CodePudding user response:
Your initial approaches fail, in part because you are treating the values in df.DESCRIPTION
as if they are lists that contain strings, rather than simply strings. E.g.:
print(type(df['DESCRIPTION'][0]))
<class 'str'>
You can use Series.replace
in this case:
Data
import pandas as pd
# just adding some extra `DISCONTINUED` in `3, 4`
data = {'DESCRIPTION': ['ANDREW, 245173, 1/2-1/2 COLD SHRINK KIT, CEQ.24038',
'COMMSCOPE, 245174, 1/2, 3/8 COLDSRINK WTHRPRFNG KIT, CEQ.24753',
'DISCONTINUED, COMMSCOPE, 252107, LACE UP I-LINE HOISTING GRIP FOR 1/2 CABLES',
'COMMSCOPE, 252110, DISCONTINUED, LACE UP HOISTING GRIP FOR 1-1/4 COAX & EW63/64 WAVEGUIDE',
'ANDREW, 252111, 1-5/8 HOISTING GRIP, LACE UP, DISCONTINUED']}
df = pd.DataFrame(data)
print(df)
DESCRIPTION
0 ANDREW, 245173, 1/2-1/2 COLD SHRINK KIT, CEQ.24038
1 COMMSCOPE, 245174, 1/2, 3/8 COLDSRINK WTHRPRFNG KIT, CEQ.24753
2 DISCONTINUED, COMMSCOPE, 252107, LACE UP I-LINE HOISTING GRIP FOR 1/2 CABLES
3 COMMSCOPE, 252110, DISCONTINUED, LACE UP HOISTING GRIP FOR 1-1/4 COAX & EW63/64 WAVEGUIDE
4 ANDREW, 252111, 1-5/8 HOISTING GRIP, LACE UP, DISCONTINUED
# So, we have `DISCONTINUED` in `2` (at start), in `3` (third "elem"), and `4` (at end).
Code
df.DESCRIPTION = df.DESCRIPTION.replace(r',?\s?DISCONTINUED,?\s?','', regex=True)
print(df)
DESCRIPTION
0 ANDREW, 245173, 1/2-1/2 COLD SHRINK KIT, CEQ.24038
1 COMMSCOPE, 245174, 1/2, 3/8 COLDSRINK WTHRPRFNG KIT, CEQ.24753
2 COMMSCOPE, 252107, LACE UP I-LINE HOISTING GRIP FOR 1/2 CABLES
3 COMMSCOPE, 252110LACE UP HOISTING GRIP FOR 1-1/4 COAX & EW63/64 WAVEGUIDE
4 ANDREW, 252111, 1-5/8 HOISTING GRIP, LACE UP
Explanation regex pattern ,?\s?DISCONTINUED,?\s?
:
?
matchees the previous token between zero and one times. E.g. we use it for potential commas (,
) and spaces (\s
) before and/or afterDISCONTINUED
.
Alternative method could be:
df.DESCRIPTION = df.DESCRIPTION.apply(lambda row: ', '.join(
[c for c in row.split(', ') if c != 'DISCONTINUED']))

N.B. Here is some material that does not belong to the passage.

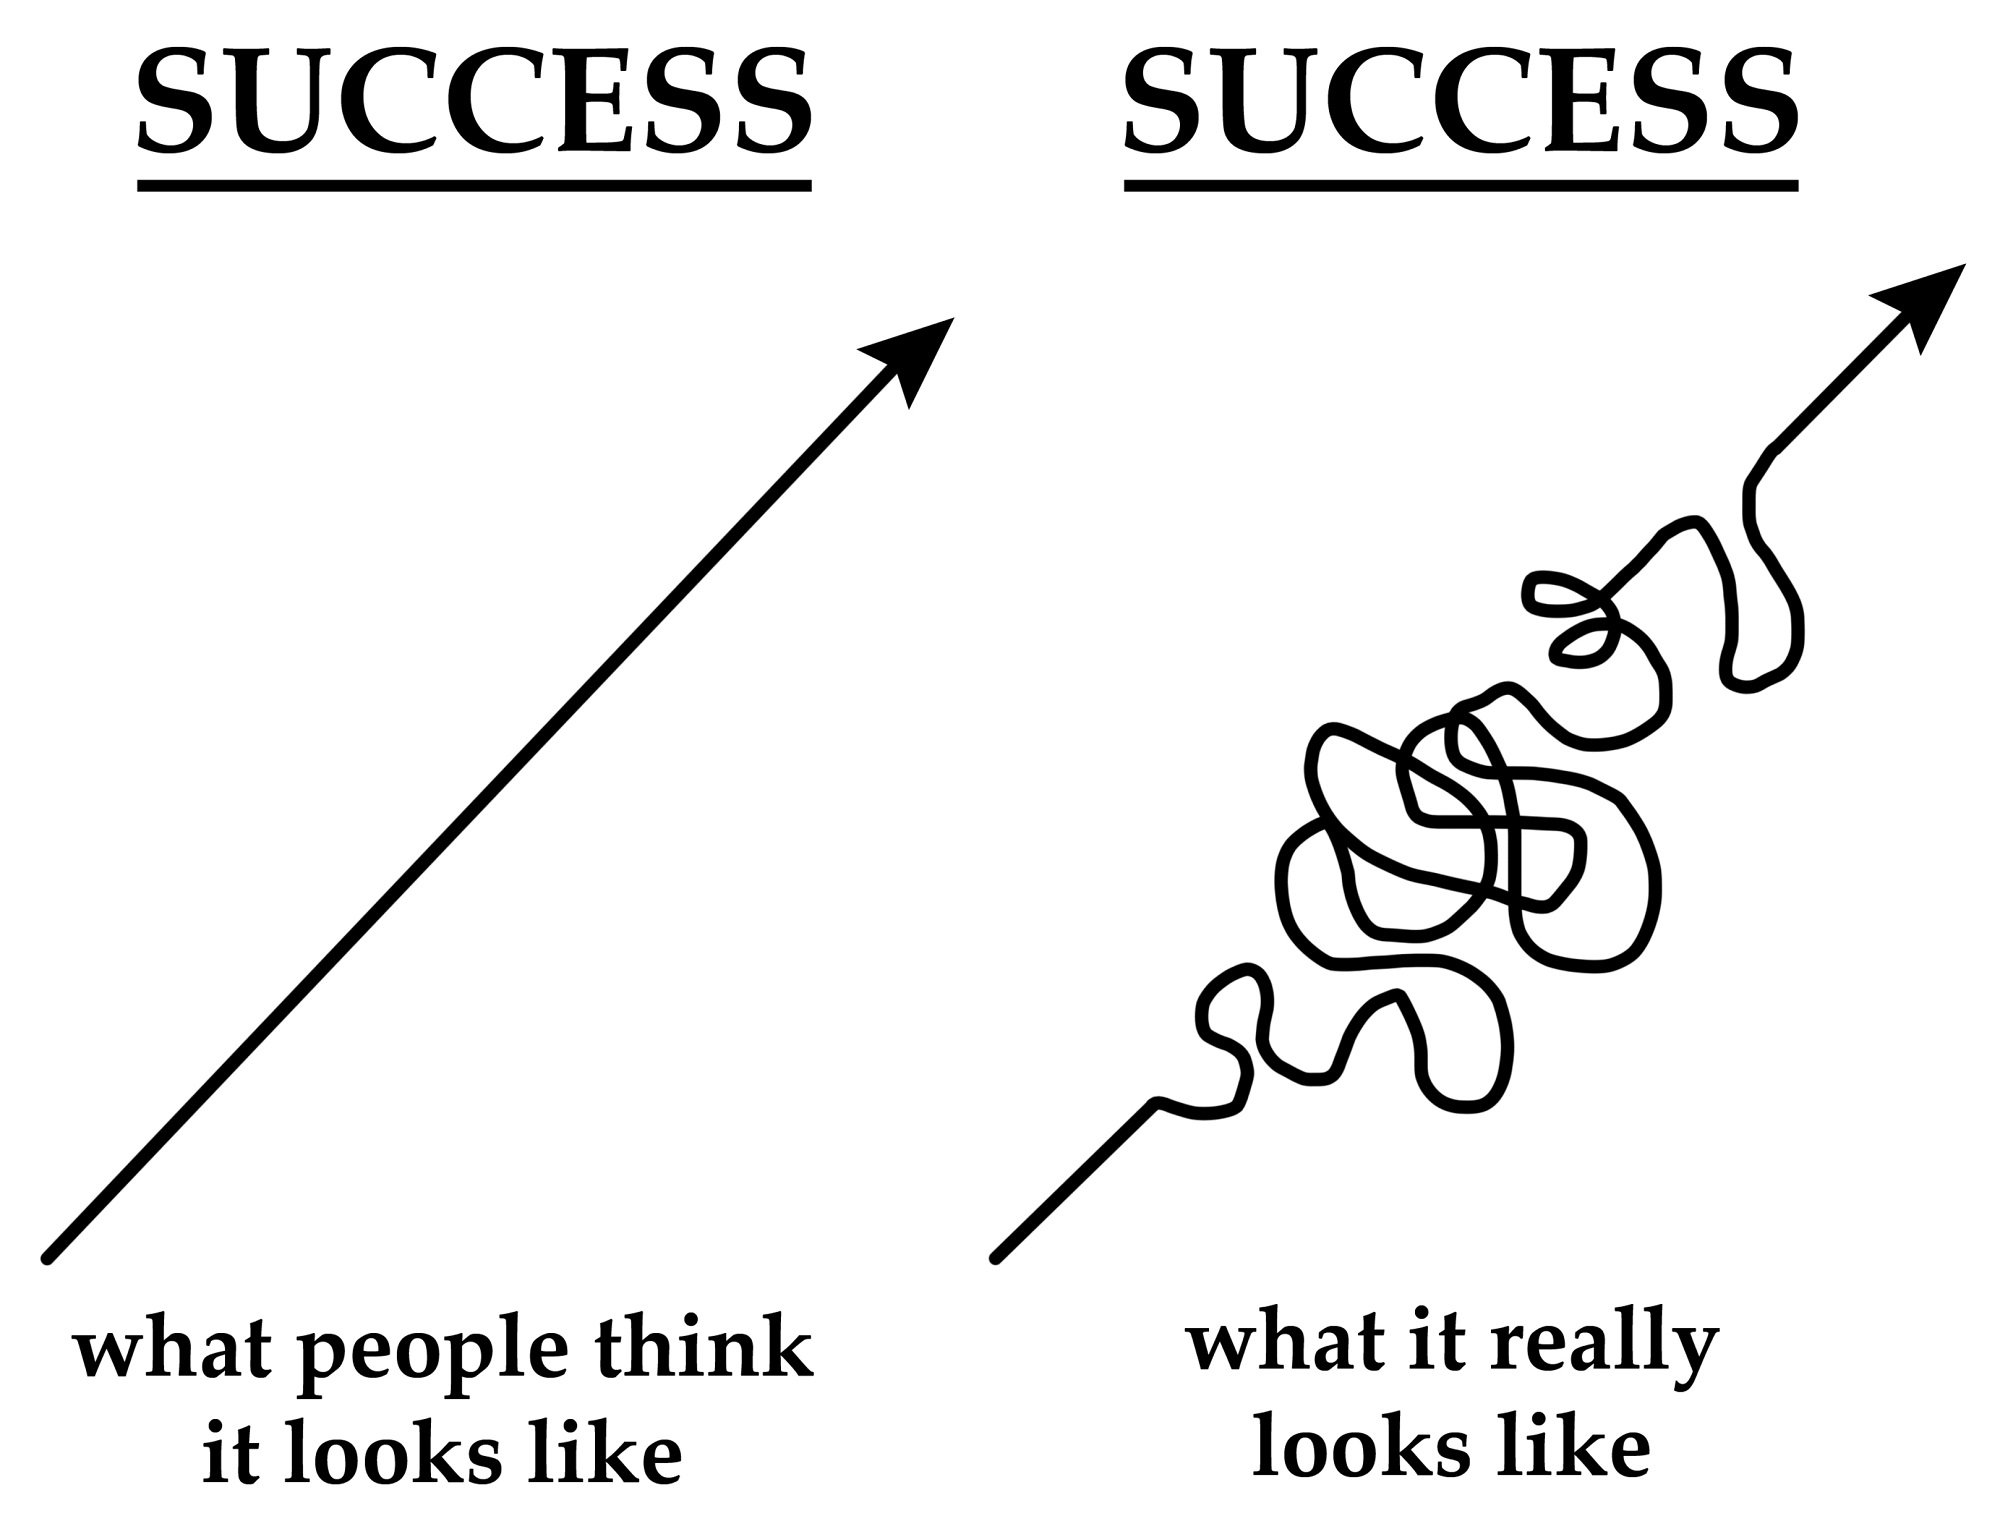 De weg naar succes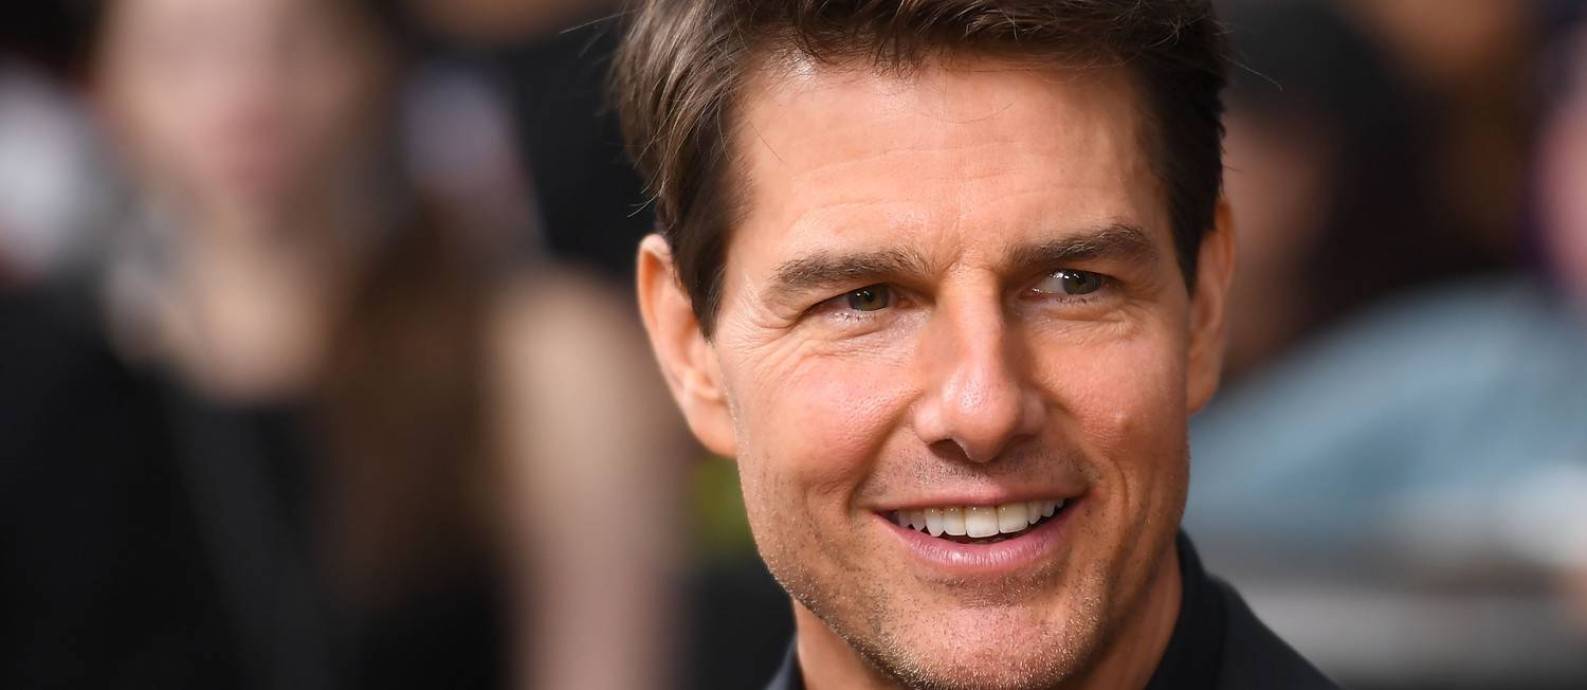 NASA confirma filme com Tom Cruise no espaço

CodePudding user response:
If your data set is a matrix where the first column could contain the word discontinued then it should probably look something like:
for row in df['DESCRIPTION']:
if row[0] == 'DISCONTINUED'
df.remove(row[0])
The issues with the code you have tried are that #1 only iterates the first row of df and #2 is only checking the first character of the string created by str(item) so it will never equal Discontinued. Changing str(item)[0] to str(item[0]) could also work, but if it's already a string there's no reason to 'reconvert' it to a string.